Internal Vibrations and Body Buzzing: The Symptom That Confuses Every Clinician
Few symptoms confuse clinicians as reliably as internal vibration. A patient says, "It feels like there is a phone vibrating inside my chest" or "My whole body is humming." Physical exam is normal. Standard tremor evaluation finds nothing. Many of these patients walk out with a functional neurological disorder label or, worse, a referral for anxiety care. A 2025 paper in Neurology International reframed the picture — internal tremor in Long COVID and adjacent populations is increasingly understood as a sign of dysautonomia, small fiber neuropathy, and mast cell activation (PMC 11768041, 2025).
What Internal Vibration Actually Feels Like
The classic description: a subjective sensation of buzzing, humming, vibrating, or rapid trembling that occurs inside the body but is not visible to an observer and is not picked up on physical examination. Patients describe:
- "A washing machine running in my chest"
- "My bones are vibrating"
- "It feels like my skin is electrified"
- "My whole core is shaking from the inside"
The sensation may be constant, episodic, or triggered by specific positions, stressors, foods, or stimuli.
The Major Etiologic Categories
1. Dysautonomic Internal Tremor
The most common cause in the patient populations we see. Higher rates of mast cell activation syndrome, small fiber neuropathy, and POTS are found in patients with internal tremor than in those without (Neurology International, 2025).
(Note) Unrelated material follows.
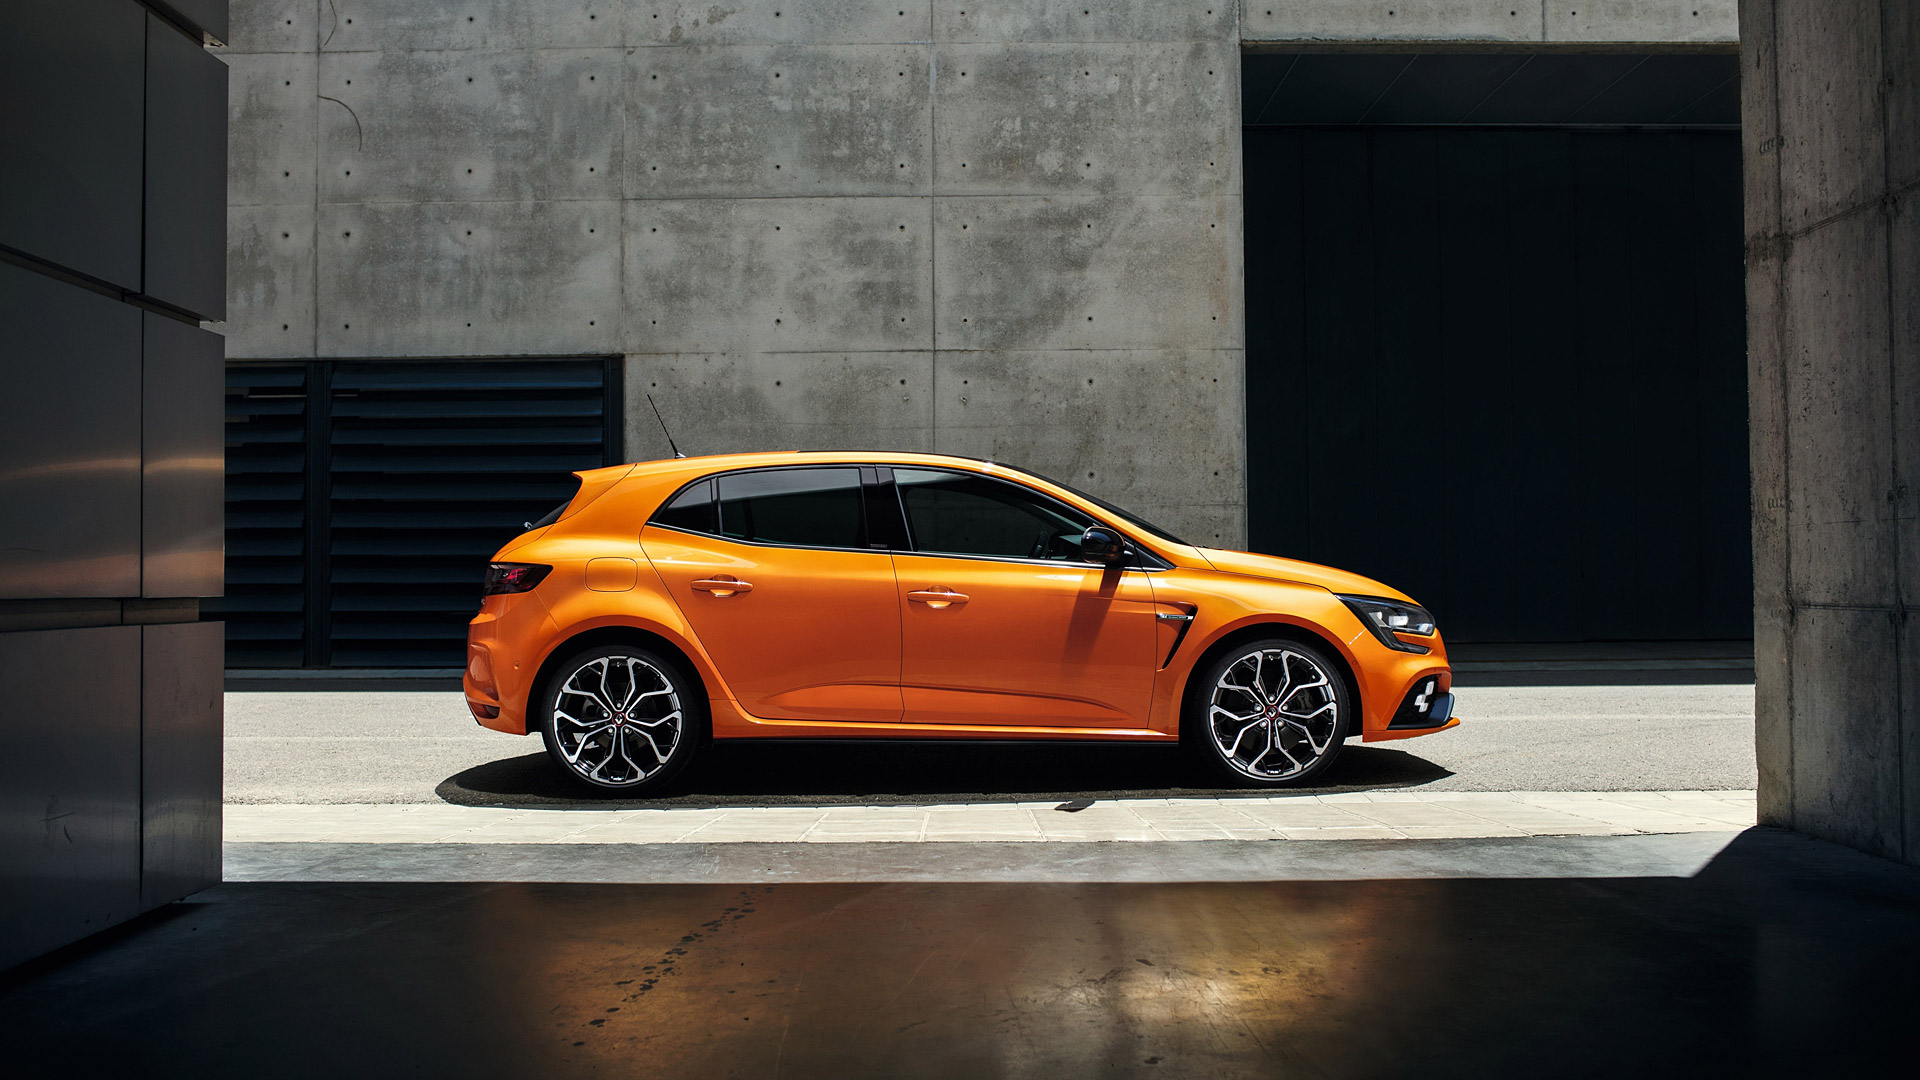 vehicles, renault megane, hatchback, orange car, renault Image for desktop

Proposed mechanisms include hypovolemia, cerebral hypoperfusion, a hyperadrenergic state, mast cell activation, and neuropathic processes affecting small nerve fibers.
2. Small Fiber Neuropathy
Damage to the unmyelinated C fibers and thinly myelinated Aδ fibers that carry autonomic and pain signals. Common after viral illness (including SARS-CoV-2), in autoimmune disease, in diabetes, and in some genetic conditions. Skin biopsy with intraepidermal nerve fiber density measurement is the gold standard for diagnosis.
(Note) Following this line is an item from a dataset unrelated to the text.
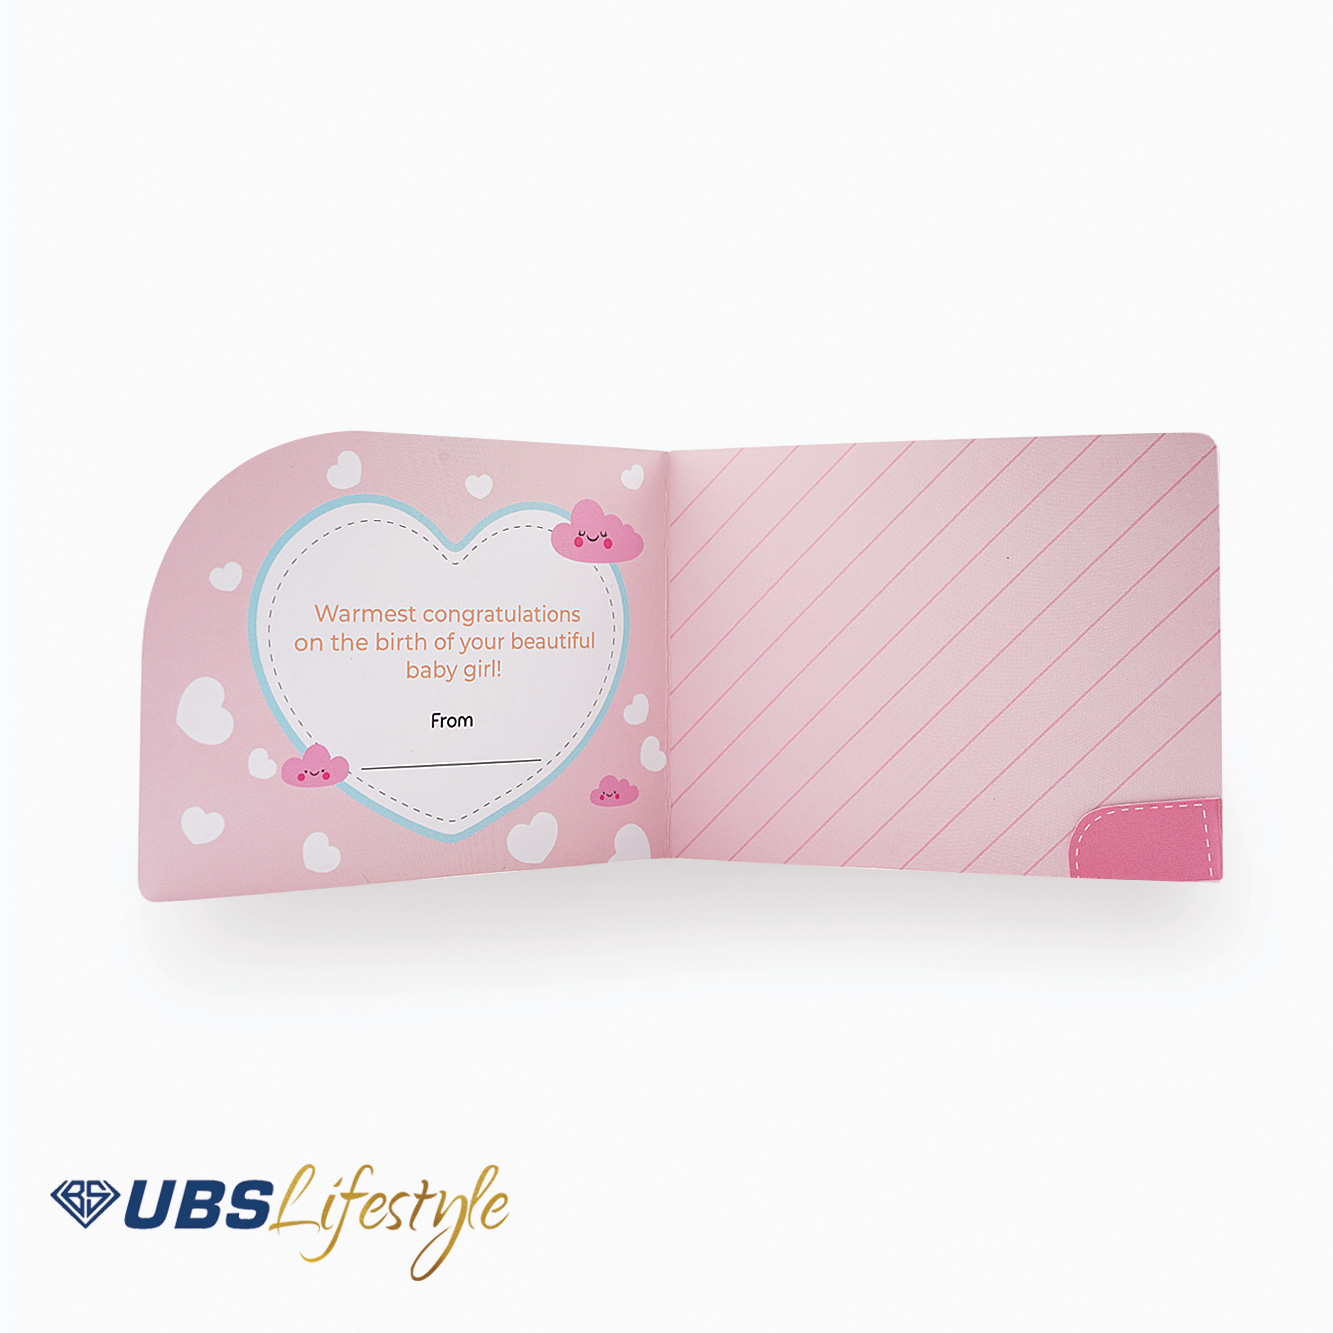 Kartu Ucapan UBS Lifestyle Edisi Newborn Baby Girl - Yakkk0484

3. Mast Cell-Driven Vibration
Mast cell degranulation releases mediators that affect nerve excitability and vascular tone. Patients describe vibrations that flare with reactions, foods, or stress.
4. Functional Neurological Origin
In FND, internal tremor probably reflects an increase in the brain's "volume knob" for body sensations. The patient becomes aware of normal physiological tremor that is then amplified by attention and threat appraisal (Neurosymptoms.org). This is a real category — but it is over-diagnosed when the dysautonomic categories above are not properly evaluated.
5. Medication and Substance Effects
Stimulants, SSRIs, withdrawal states, and thyroid medication adjustments can all produce internal vibration. History matters.
Why It Gets Misattributed
The combination of normal physical exam, normal imaging, and a symptom the clinician cannot directly observe creates a diagnostic vacuum. The default fill is "anxiety" or "functional" — both of which can be partially true while missing the underlying autonomic or neuropathic lesion. Patients in the dysautonomic category in particular often have years of dismissal before someone tests for small fiber neuropathy or runs a tilt-table.
The Diagnostic Workup
- Tilt-table or active stand test for orthostatic intolerance
- Plasma catecholamines (supine and standing) for hyperadrenergic phenotype
- Skin punch biopsy for small fiber neuropathy when clinically indicated
- Serum tryptase plus urinary mast cell mediators where MCAS is suspected
- Thyroid function, ferritin, B12 — common contributors that should be excluded
- Targeted history for trauma, infection, medication changes
A Vagus-First Treatment Framework
- Lower sympathetic load. Internal vibration almost always worsens with sympathetic activation. Sleep, hydration, salt (in POTS-adjacent patients), and slow breathing are the foundation.
- Restore vagal tone. Daily six-per-minute breathing, cold-water face immersion, humming. Months of consistency, not weeks.
- Treat the substrate. If MCAS is present, stabilize the mast cells. If hyperadrenergic POTS is present, address volume and consider clonidine or low-dose beta-blockade. If SFN is present, address the underlying cause (autoimmune, infectious, metabolic).
- Address the limbic amplification. Limbic system retraining (DNRS, Gupta) and body-based therapies help patients in whom the brain's "volume knob" has become a contributor.
- Pace recovery. Internal vibration tends to fluctuate. The trend matters more than any single day.
Clinical takeaway: Internal vibration is not in the patient's head. It is real, and in most cases reflects an underlying dysautonomic, neuropathic, or mast cell process. The workup is autonomic and neurologic, not psychiatric.